After Israel’s flotilla fiasco, Egypt opens the Gaza border to avert an intifada

What would be the next diastrous step in the Middle East, following yesterday’s ambush by the Israeli military against a civilian aid convoy? Clearly, a new intifada – a Palestinian uprising adding to the bloodshed.

Thus it was a wise move by the Egyptian government this morning to defuse the time bomb of Palestinian anger by opening the Rafah gate – the only gate it controls – to allow some of Gaza’s 1 1/2 million civilians to escape their collective punishment for the actions of the ruling Hamas party. Though Egypt hasn’t said how long it will keep the Rafah border open, its opening is the escape valve that could help prevent another intifada.

Other smart moves have come from the United States, where experts understand the full import Israel’s killing of nine civilians.
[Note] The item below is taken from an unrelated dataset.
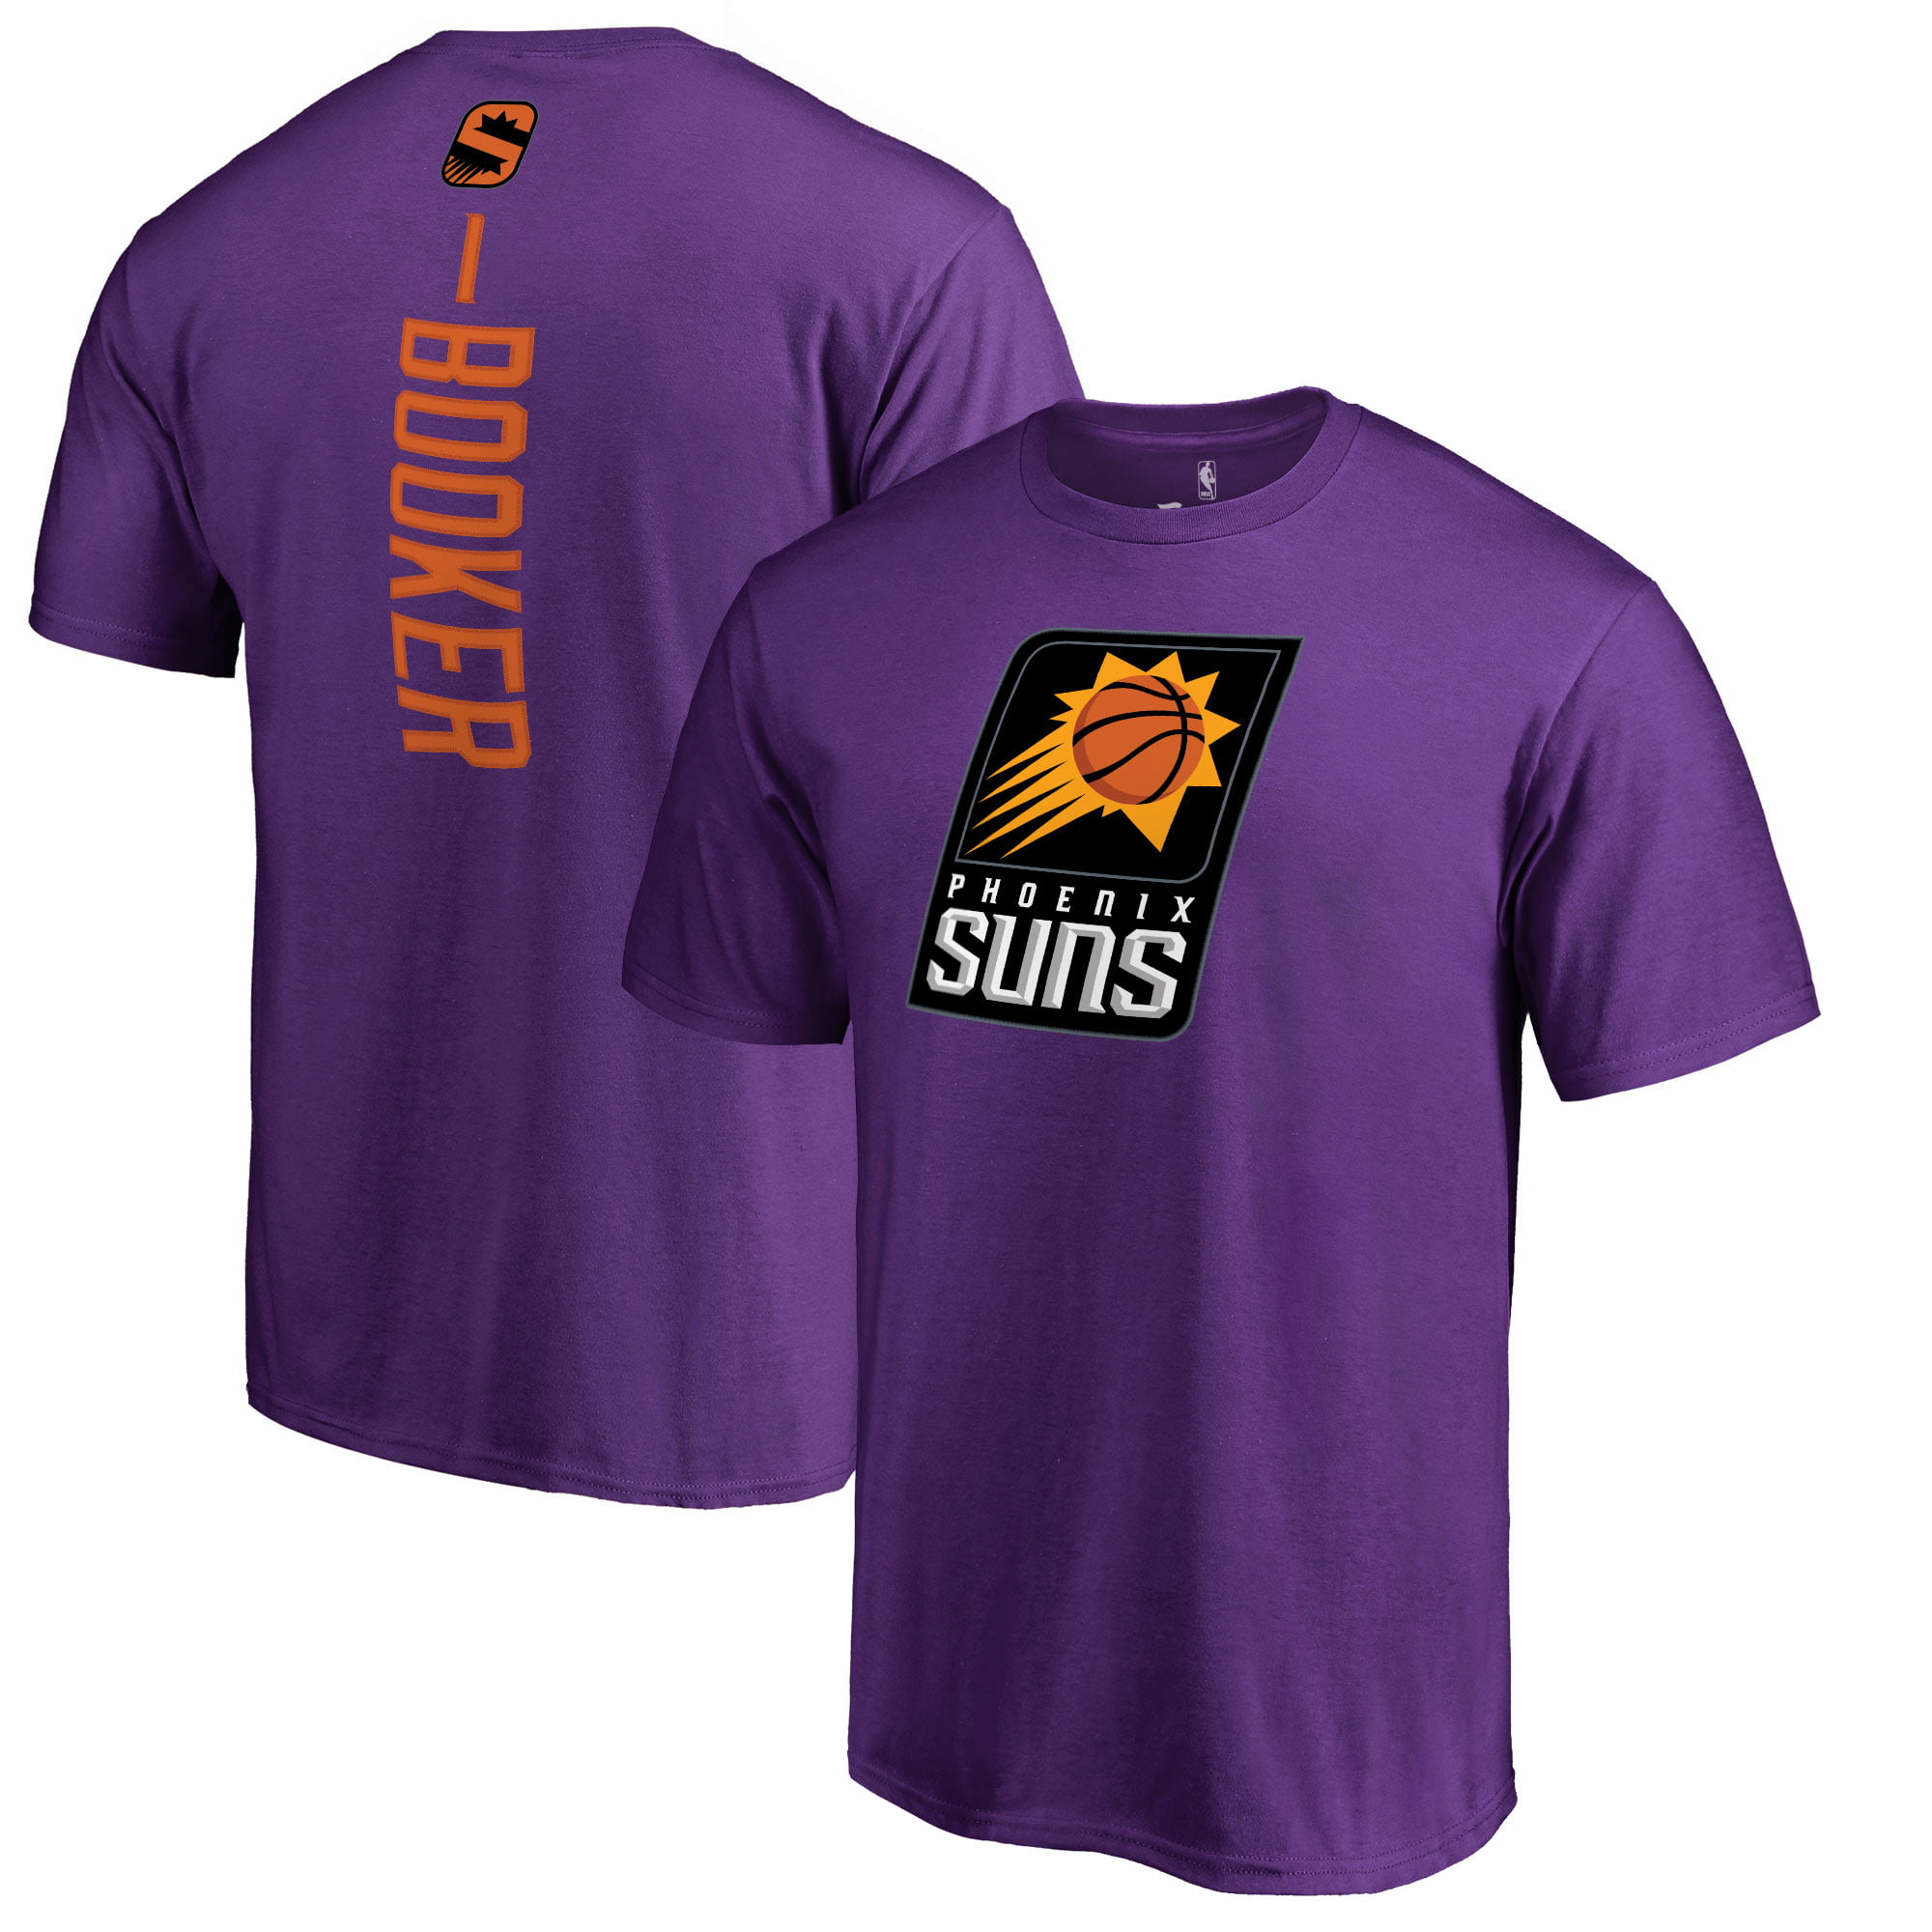 Phoenix Suns Nba Basic Short Sleeve Tee - Walmart.com ...

Taking a cue from President Barack Obama’s restrained reaction to the shootings on a humanitarian aid ship bound for the Gaza strip, the smartest U.S. commentators are focusing on the root causes: the continued occupation of Palestinian lands since the 1967 war, and the failure of Western nations to secure a two-state solution to achieve peace between Israel and its neighbors.

The Washington Post – whose editorial team is hawkish on Israel whether the ruling coalition in Tel Aviv is peaceful or virulently racist (as it is currently) – jumped way ahead this time to the core issue:

As for Mr. Netanyahu, the only road to recovery from this disaster lies in embracing, once and for all, credible steps to create conditions for a Palestinian state. A good start would be easing restrictions on both Gaza and the West Bank, once the reactions to Monday’s events subside. Mr. Netanyahu also needs to broaden his government to include pro-peace parties; one of his main problems is cabinet hawks who have made Israeli diplomacy an oxymoron. The prime minister is in a deepening hole; his only way out is to move to the center.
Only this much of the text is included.